▶ [DATA]:
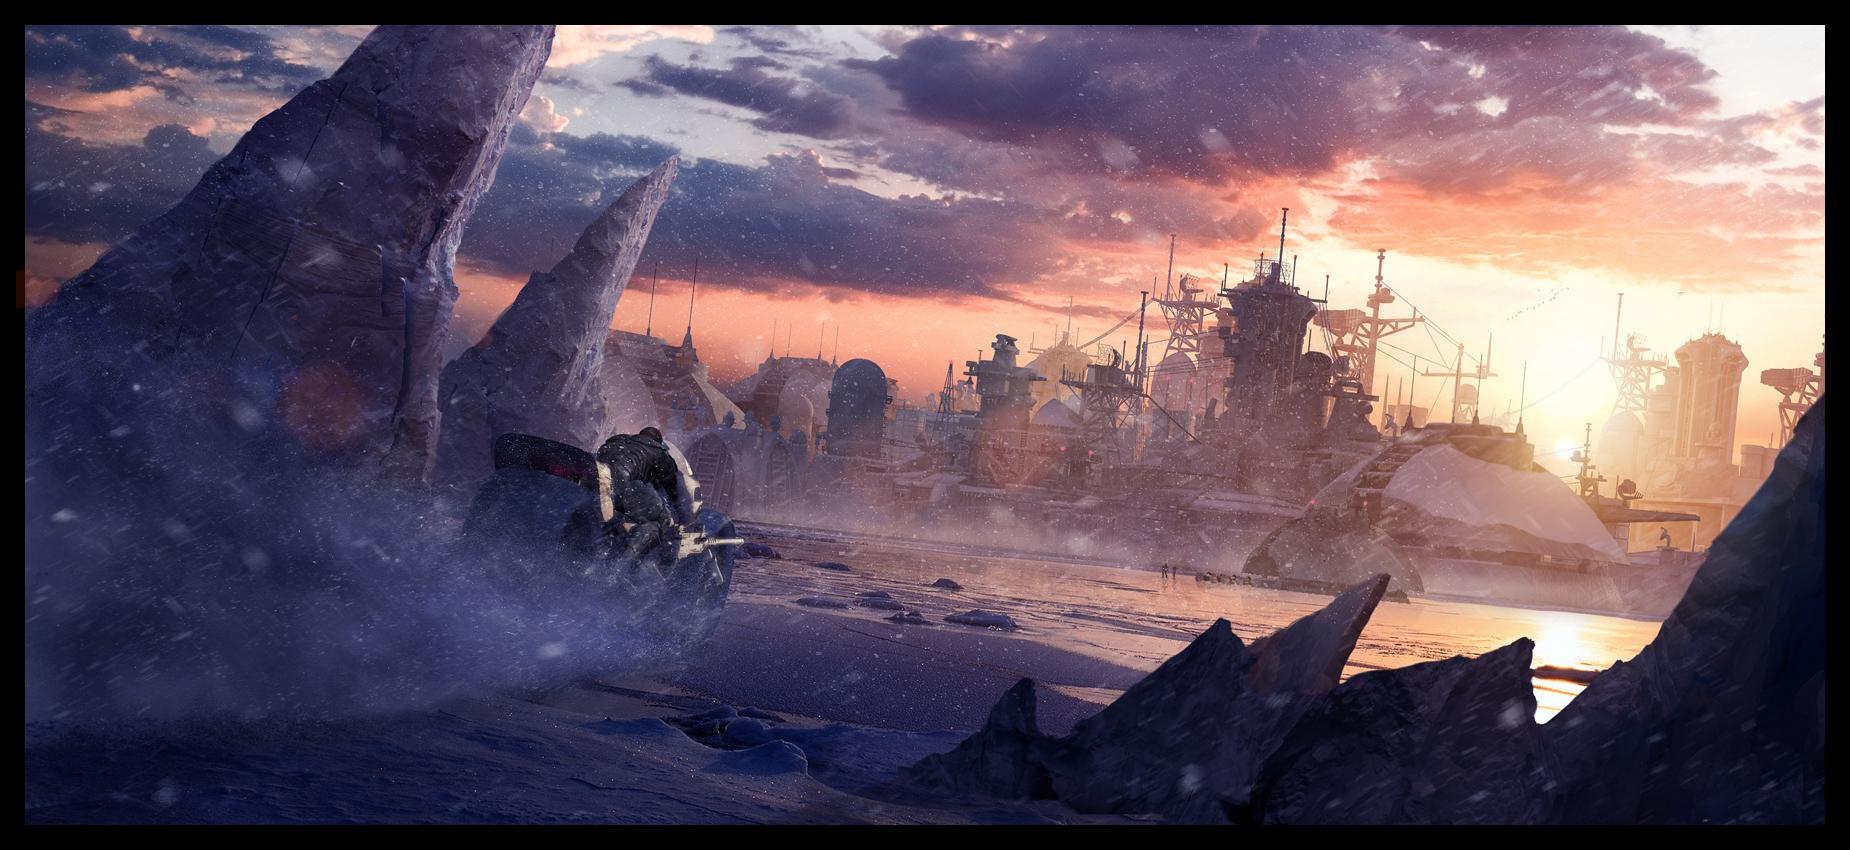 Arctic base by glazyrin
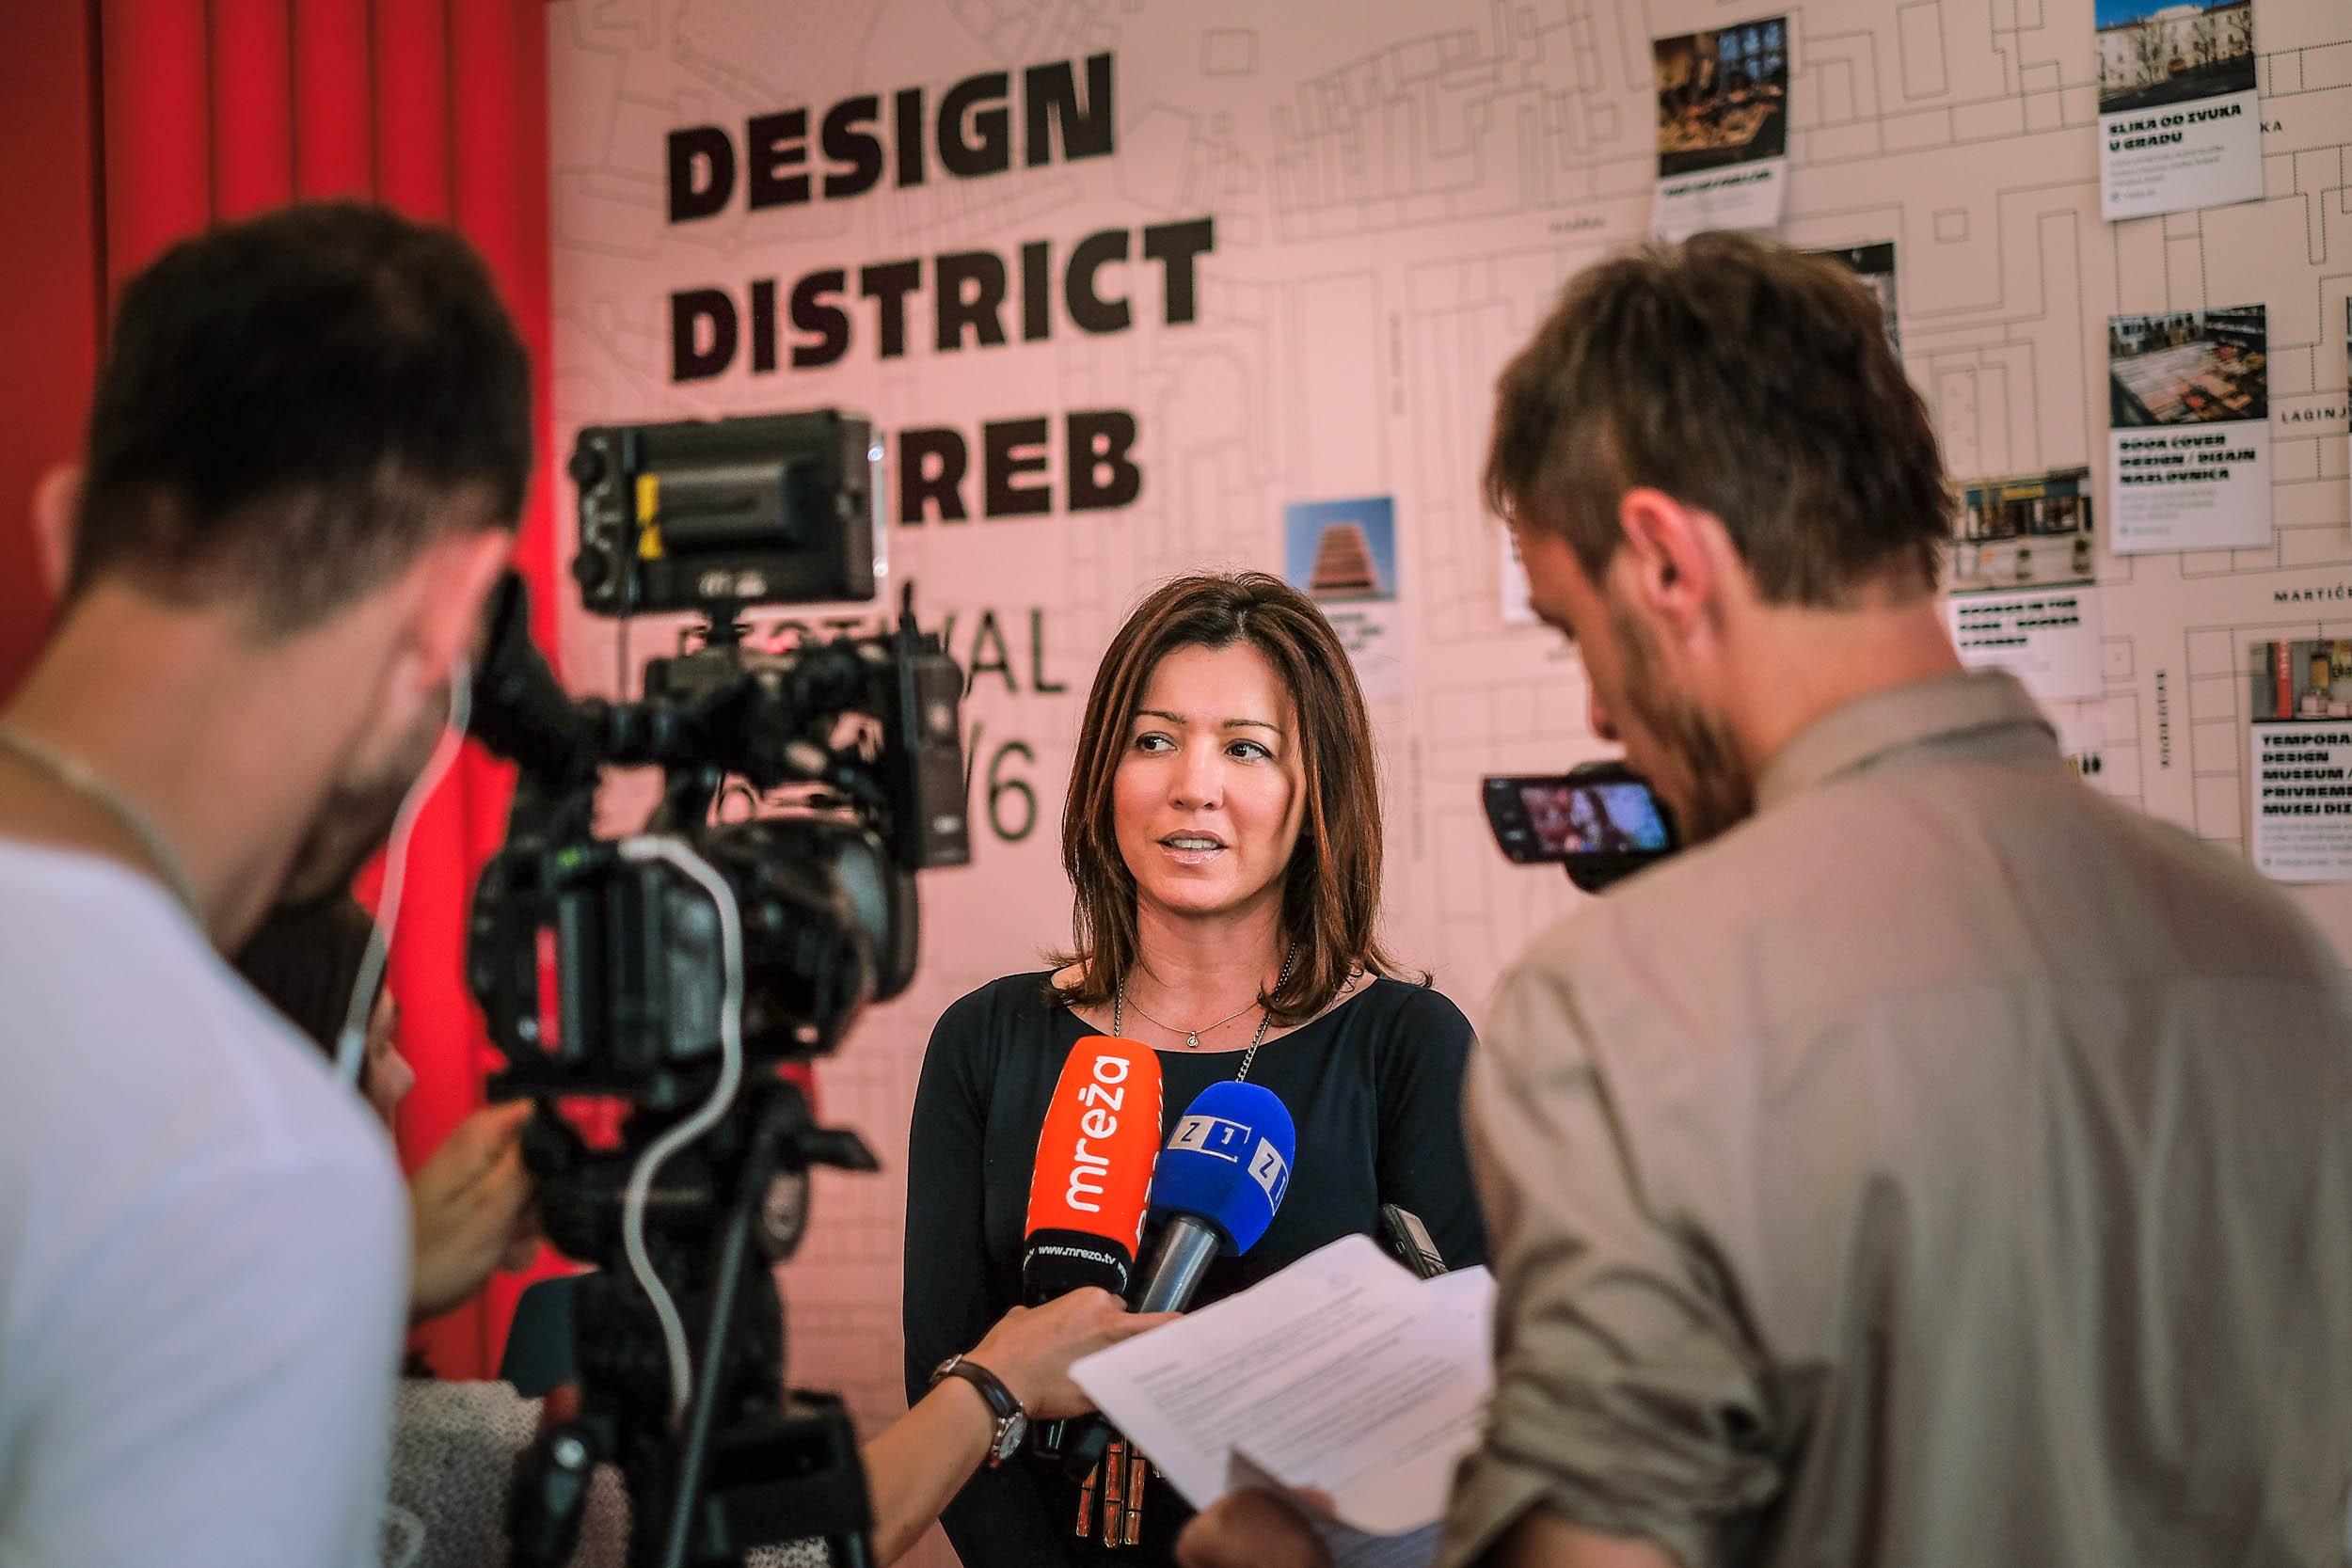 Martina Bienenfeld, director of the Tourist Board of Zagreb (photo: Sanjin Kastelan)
* * *
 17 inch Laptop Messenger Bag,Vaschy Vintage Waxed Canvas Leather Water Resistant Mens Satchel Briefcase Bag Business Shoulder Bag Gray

▶ [WHAT YOU WILL DO]: What do the entries above read from the line containing "Arctic base by glazyrin" through the line containing "Martina Bienenfeld, director"? Output those lines exactly, both ends included, with the pictures left out.

▶ [SOLUTION BELOW]:
 Arctic base by glazyrin
 Martina Bienenfeld, director of the Tourist Board of Zagreb (photo: Sanjin Kastelan)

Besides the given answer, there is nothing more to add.